THE DATA:
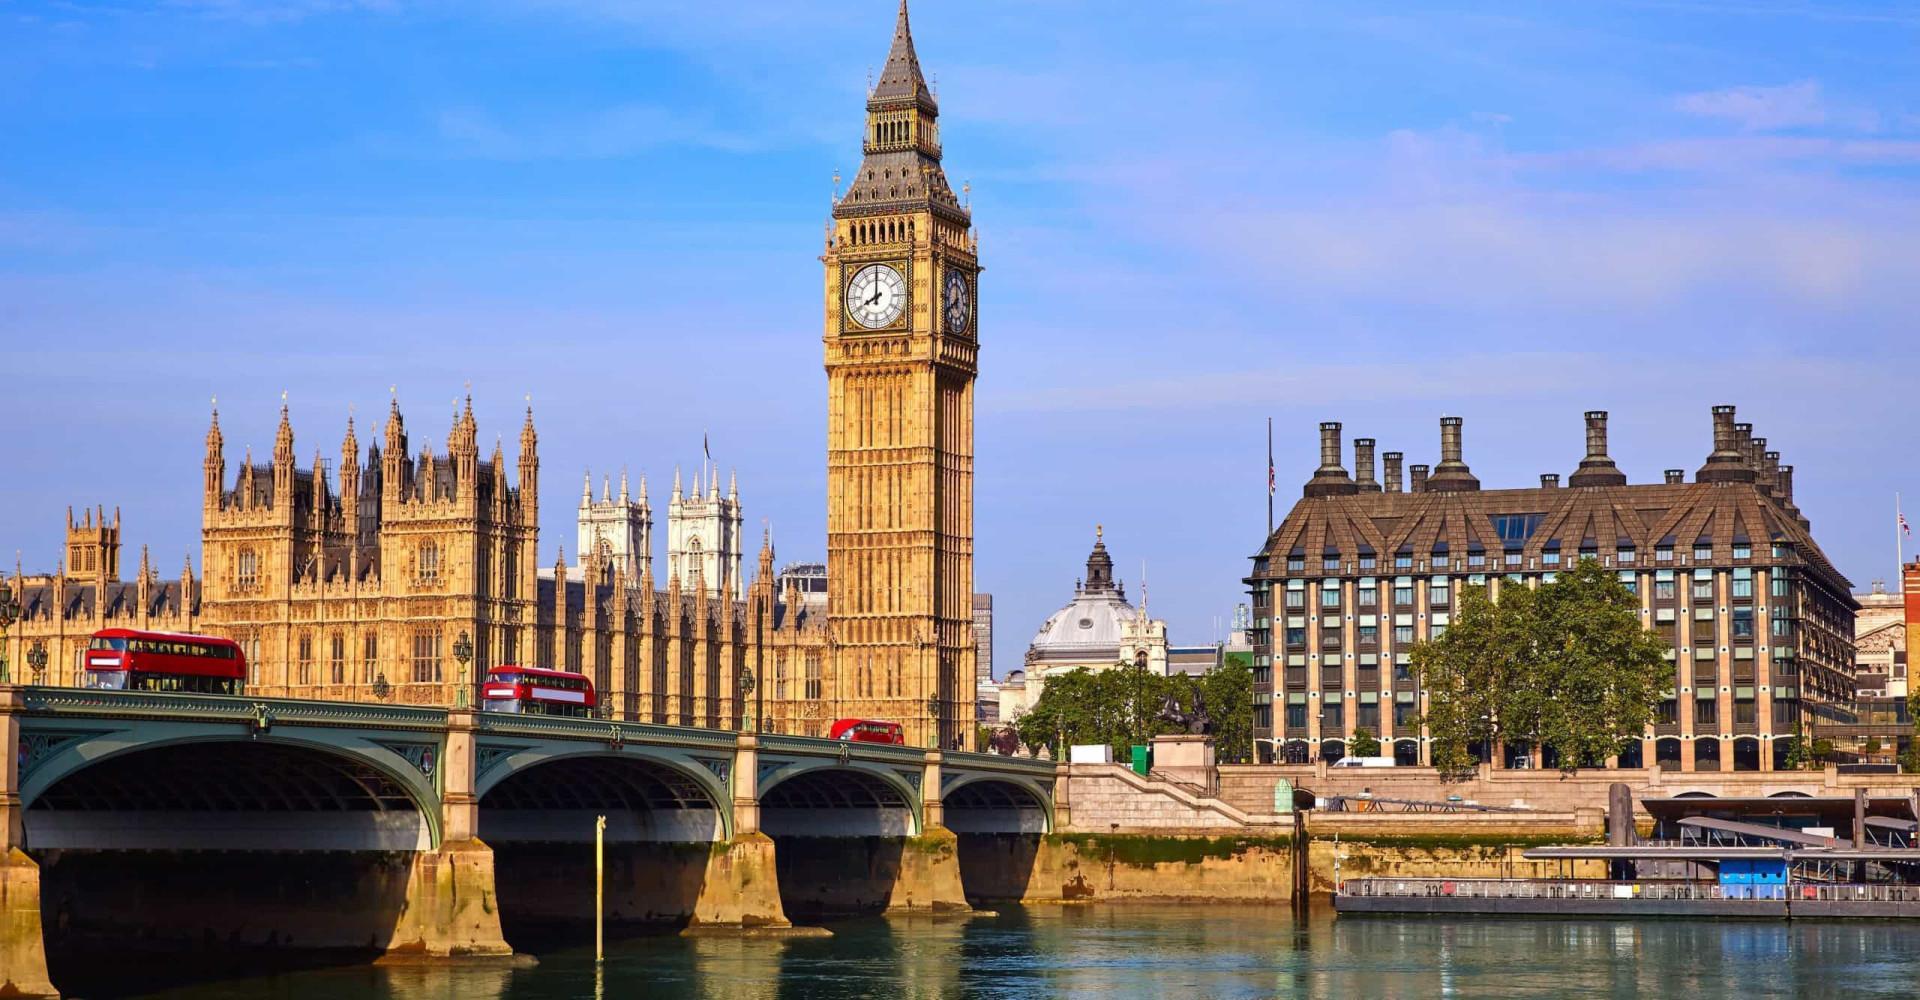 På tide å møte de mest fantastiske klokketårnene i verden
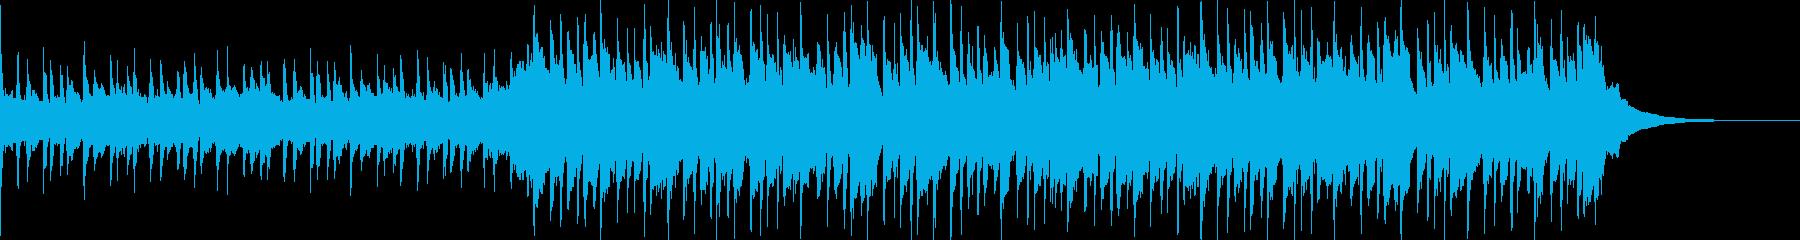 CMや映像、ウクレレ、ハッピー、ポップbの再生済みの波形
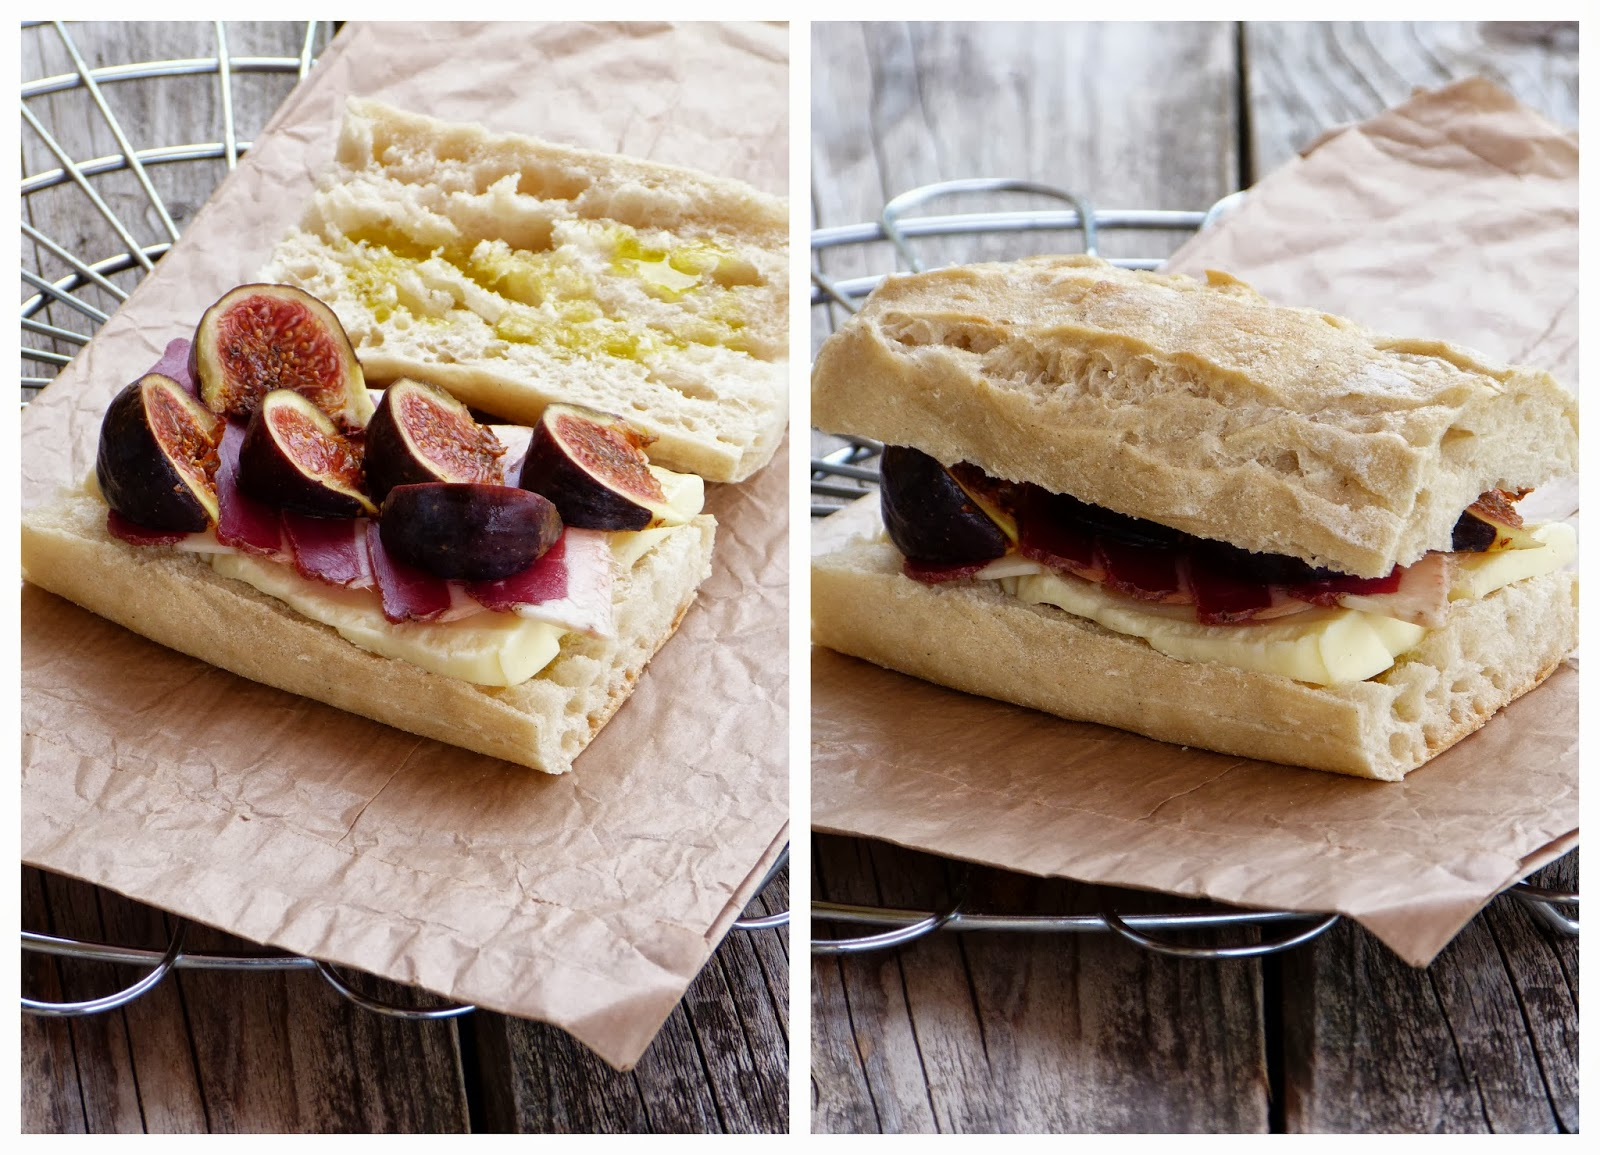 Chic chic chocolat paninis la tomme de cantal magret de canard et figues battle food 11 - Quand cueillir les figues ...
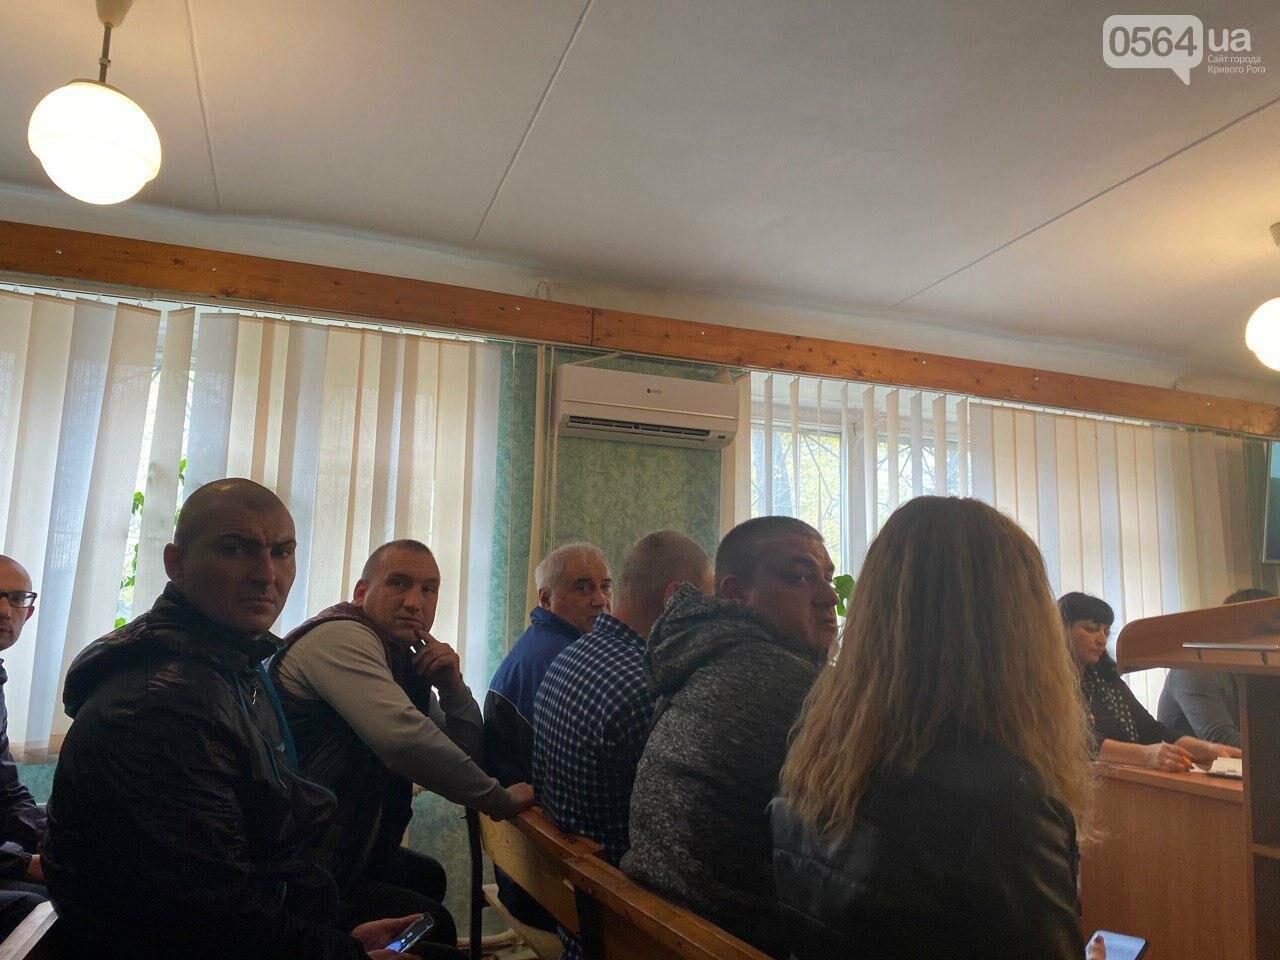 Нацгвардейца, исполосовавшего ножом таксиста в Кривом Роге, оставили под стражей еще на 2 месяца, - ФОТО , фото-4

TASK: Your reply should hold every line of the material, unaltered, and not one picture.

WORKED SOLUTION:
 På tide å møte de mest fantastiske klokketårnene i verden
 CMや映像、ウクレレ、ハッピー、ポップbの再生済みの波形
 Chic chic chocolat paninis la tomme de cantal magret de canard et figues battle food 11 - Quand cueillir les figues ...
 Нацгвардейца, исполосовавшего ножом таксиста в Кривом Роге, оставили под стражей еще на 2 месяца, - ФОТО , фото-4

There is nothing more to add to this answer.